Retained by Billick in '99 after having served as fired coach Ted Marchibroda's defensive coordinator, Lewis remembers the stinging speech delivered by his new boss that triggered the Ravens' run of defensive dominance.

"We had just won a game in '99, I think it was against Atlanta or Cincinnati, and we'd given up a bunch of big plays on defense," Lewis recalled. "Brian came into the (defensive) meeting room the next day and talked to those guys about how he'd viewed them as Minnesota's coordinator when he'd played them in '98. He said, 'You're a bunch of guys with individual talent who are worried about beating your own chests, but you don't play as a team. Do you want to go to another Pro Bowl, or do you want to go to a Super Bowl?'

"Players really took it to heart, and that was the turning point. For the next 2½ years we hardly gave up anything to anyone."

Lewis' defense set an NFL record for a 16-game season by allowing just 165 points in 2000, then got even stingier en route to its 34-7 Super Bowl triumph over Fassel's Giants (whose only points came on a kickoff return). In 2003, Lewis finally got a head coaching opportunity in Cincinnati and immediately transformed the franchise's losing culture, going 8-8 his first two seasons. In '05 the Bengals improved to 11-5 and won the AFC North but suffered a disastrous divisional round playoff defeat to the Steelers in which star quarterback Carson Palmer was knocked out with a severe knee injury.

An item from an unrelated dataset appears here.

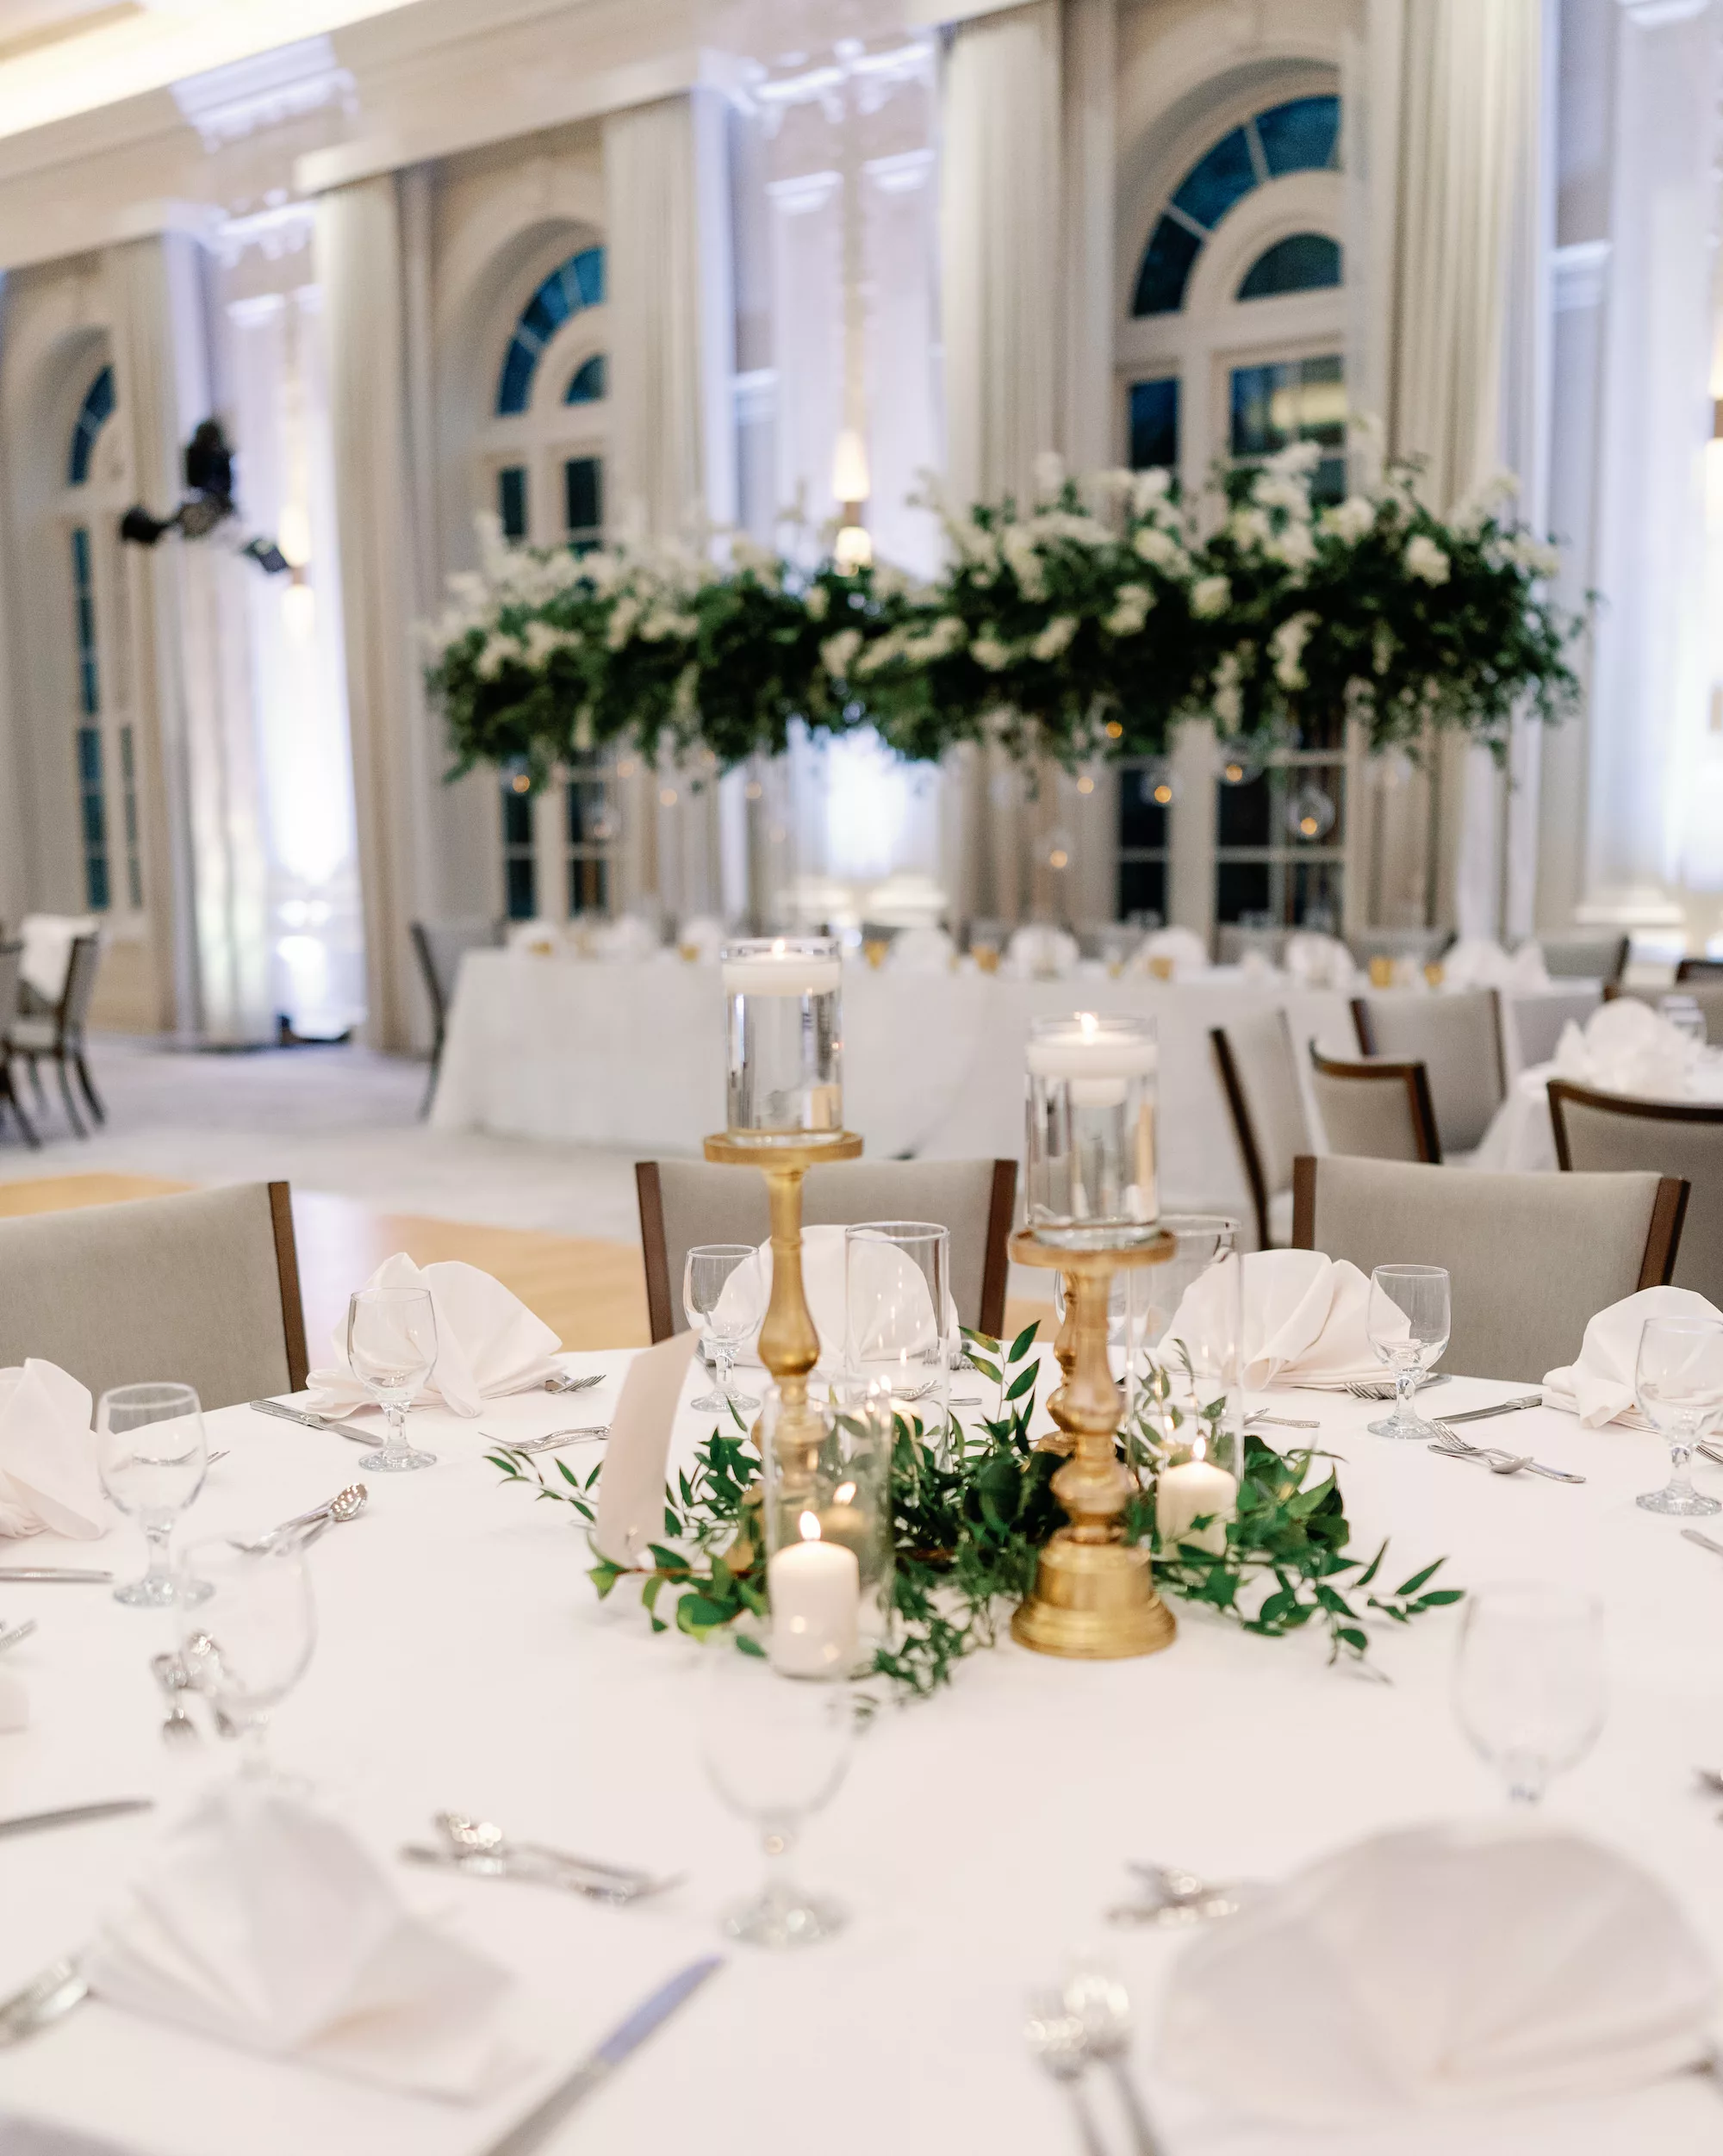 Luxurious White and Gold Grand Ballroom Wedding Reception Decor Ideas | Greenery Garland and Floating Candle Centerpiece Inspiration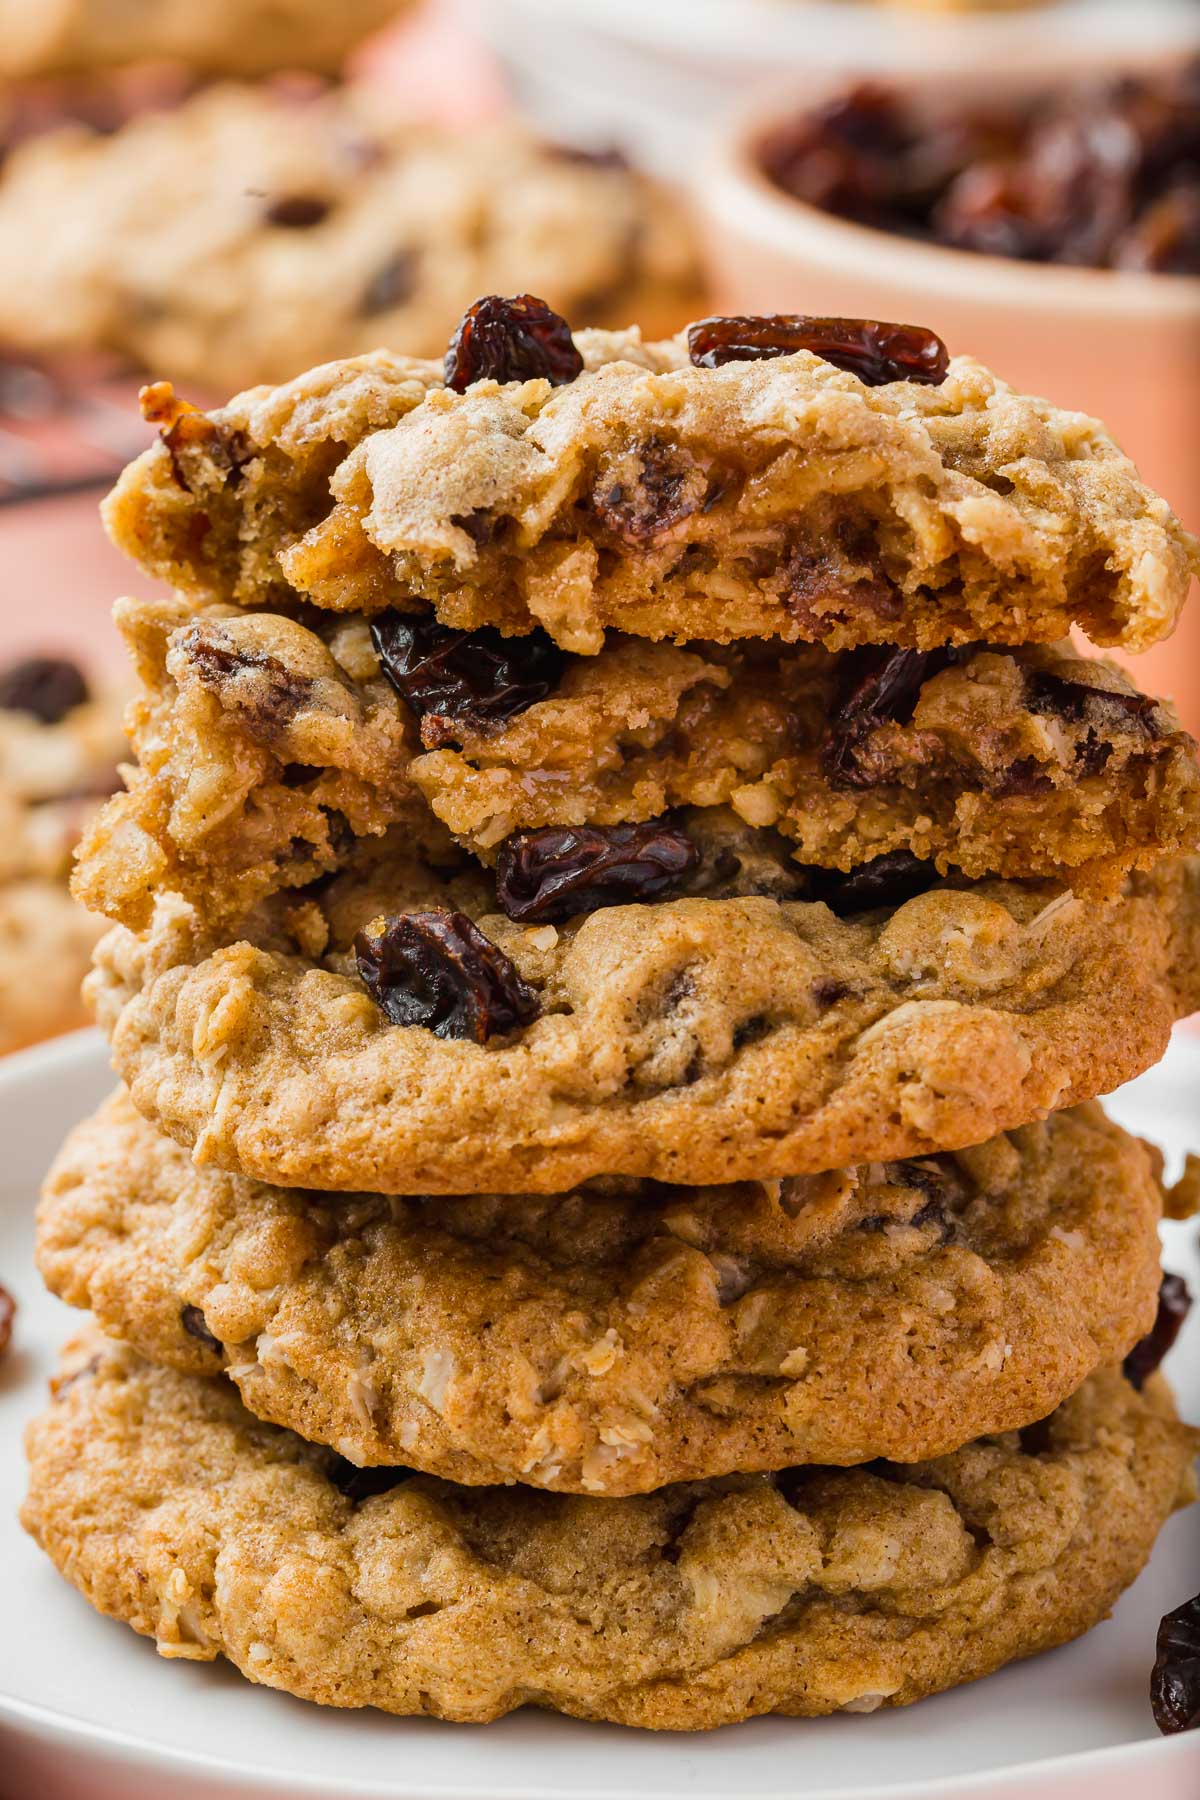 A stack of gluten free oatmeal raisin cookies with the top two being broken in half to see the interior.

Cincinnati had another 8-8 season in '06 but was viewed as a likely playoff team in '07. Instead, the Bengals are flailing, especially on defense – they rank 31st in yards per game allowed (397.1) and are tied with Miami for the most points given up (30.5) per contest.

Last year the Bengals received ample amounts of national scorn for a spate of off-field incidents involving various players. The misbehavior has largely subsided in '07, but many critics have questioned whether Lewis is to blame for bringing in too many players with poor character. Following a defeat to the Patriots in early October, Lewis angrily blasted his players in the locker room and referred to some of them as "selfish" in his post-game remarks to reporters.

"There's a progression guys go through," he said Thursday. "At some point you need to suck it up and be a pro and stop worrying about how much money you're getting, or not getting. Maybe our foundation here wasn't as strong as I thought it was."

Last month after a defeat to the Steelers, wideout T.J. Houshmandzadeh, criticized Lewis' decision to go for a field goal near the Pittsburgh goal line late in the first half. Earlier in October, the other starting wideout, flamboyant All-Pro Chad Johnson, addressed speculation that he might be traded over the offseason, something his coach says won't happen because of Johnson's close relationship with owner Mike Brown and his family.

"I think he has a great future here," Lewis said of Johnson. "Obviously, the owner's never going to part ways with Chad. He'll be here longer than I am, believe me."

So does that mean Lewis is worried about the whispers that he'll be dismissed if things continue along this path in '07?

"No, because I know there's no truth to that," he said. "I don't know if it's a positive or a negative, but I'll be back."

So there it is: More gallows humor from a man who understands that, whatever his current struggles, coaches like him and Billick don't suddenly get stupid.

By Sunday evening, one of them will seem a tiny bit smarter in the eyes of his team's grumpy fan base. Even if the victory lacks style, you can bet either coach will take it in a New York second.